Accepted connection from 192.168.55.55, port 61613
[ 5] local 192.168.1.22 port 5201 connected to 192.168.55.55 port 61614
[ ID] Interval Transfer Bandwidth
[ 5] 0.00-1.00 sec 15.4 MBytes 15.4 MBytes/sec
[ 5] 1.00-2.00 sec 16.9 MBytes 16.9 MBytes/sec
[ 5] 2.00-3.00 sec 16.8 MBytes 16.8 MBytes/sec
[ 5] 3.00-4.00 sec 17.0 MBytes 17.0 MBytes/sec
[ 5] 4.00-5.00 sec 17.0 MBytes 17.0 MBytes/sec
[ 5] 5.00-6.00 sec 17.0 MBytes 17.0 MBytes/sec
[ 5] 6.00-7.00 sec 17.0 MBytes 17.0 MBytes/sec
[ 5] 7.00-8.00 sec 16.3 MBytes 16.3 MBytes/sec
[ 5] 8.00-9.00 sec 16.4 MBytes 16.4 MBytes/sec
[ 5] 9.00-10.00 sec 16.7 MBytes 16.7 MBytes/sec
[ 5] 10.00-10.01 sec 169 KBytes 18.7 MBytes/sec


[ ID] Interval Transfer Bandwidth
[ 5] 0.00-10.01 sec 0.00 Bytes 0.00 MBytes/sec sender
[ 5] 0.00-10.01 sec 167 MBytes 16.7 MBytes/sec receiver
Unfortunately, this is still extremely slow compared to the available bandwith.

IPsec test results for CCR1009, available from product spec pages state, that with small packets achievable throughput is around 130Mbps (that’s around 16 Mbytes per second).

The problem with test results published for MT products is, that they only show absolute maximum … but in real life, one has to take quite a bit smaller number as relevant one. For example, test result for single IPSec tunnel using large packets shows achievable throughput exceeding 400Mbps (even more than Gbps). But experience (of many forum members) with ethernet test results goes that relevant number for real-life cases is the one with medium packet sizes and for bigger number of processing rules (ip filter rules). IPsec performance doesn’t follow the exact same rules, but generally it does.

BTW, does CHR show IPsec tunnel as HW offloaded? Either way, what’s CPU load there?

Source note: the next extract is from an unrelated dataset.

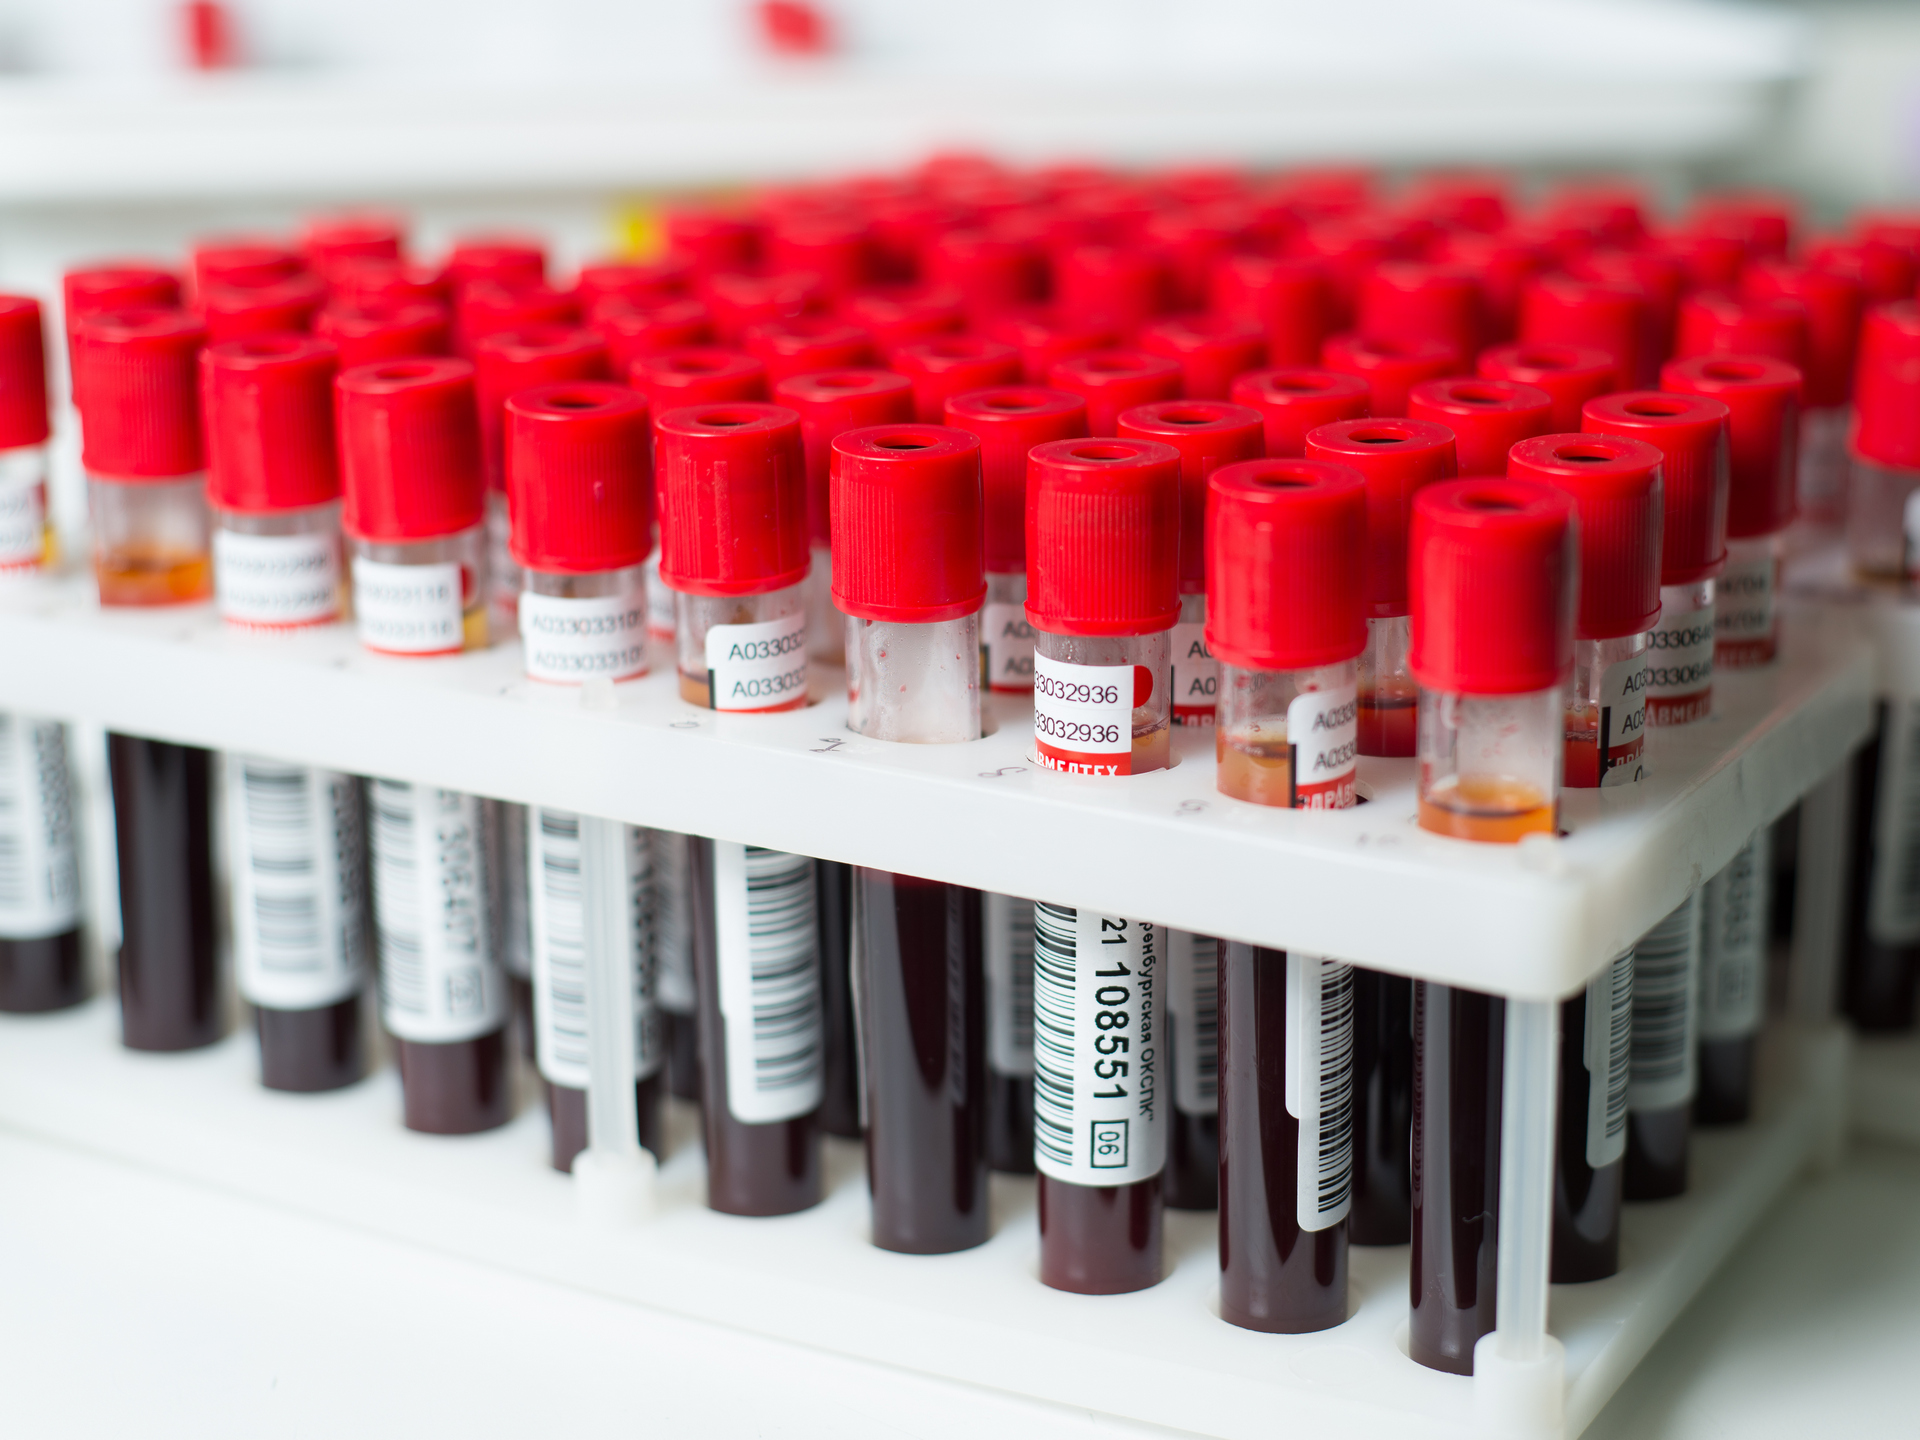 ГБУЗ "ООКСПК" предоставляет широкий спектр исследований крови

It could well be that it’s CHR being bottle neck here.

And in case where two CCRs are used: what does CPU profile show, which processes use most CPU cycles?

I am not an network appliance test engineer - I am just a consultant setting up network equipment. If after more than a day of tinkering according to advice from more knowledgable people I cannot achieve decent speed, I simply have to give up for economic reasons.

While it may be true that under whatever theoretical circumstances, near-spec speed can be achieved, this is not practical for me if it cannot be done without specialized knowledge.

  1. In IPSEC are you using single DES or 3 DES? if it is 3 DES change it to single.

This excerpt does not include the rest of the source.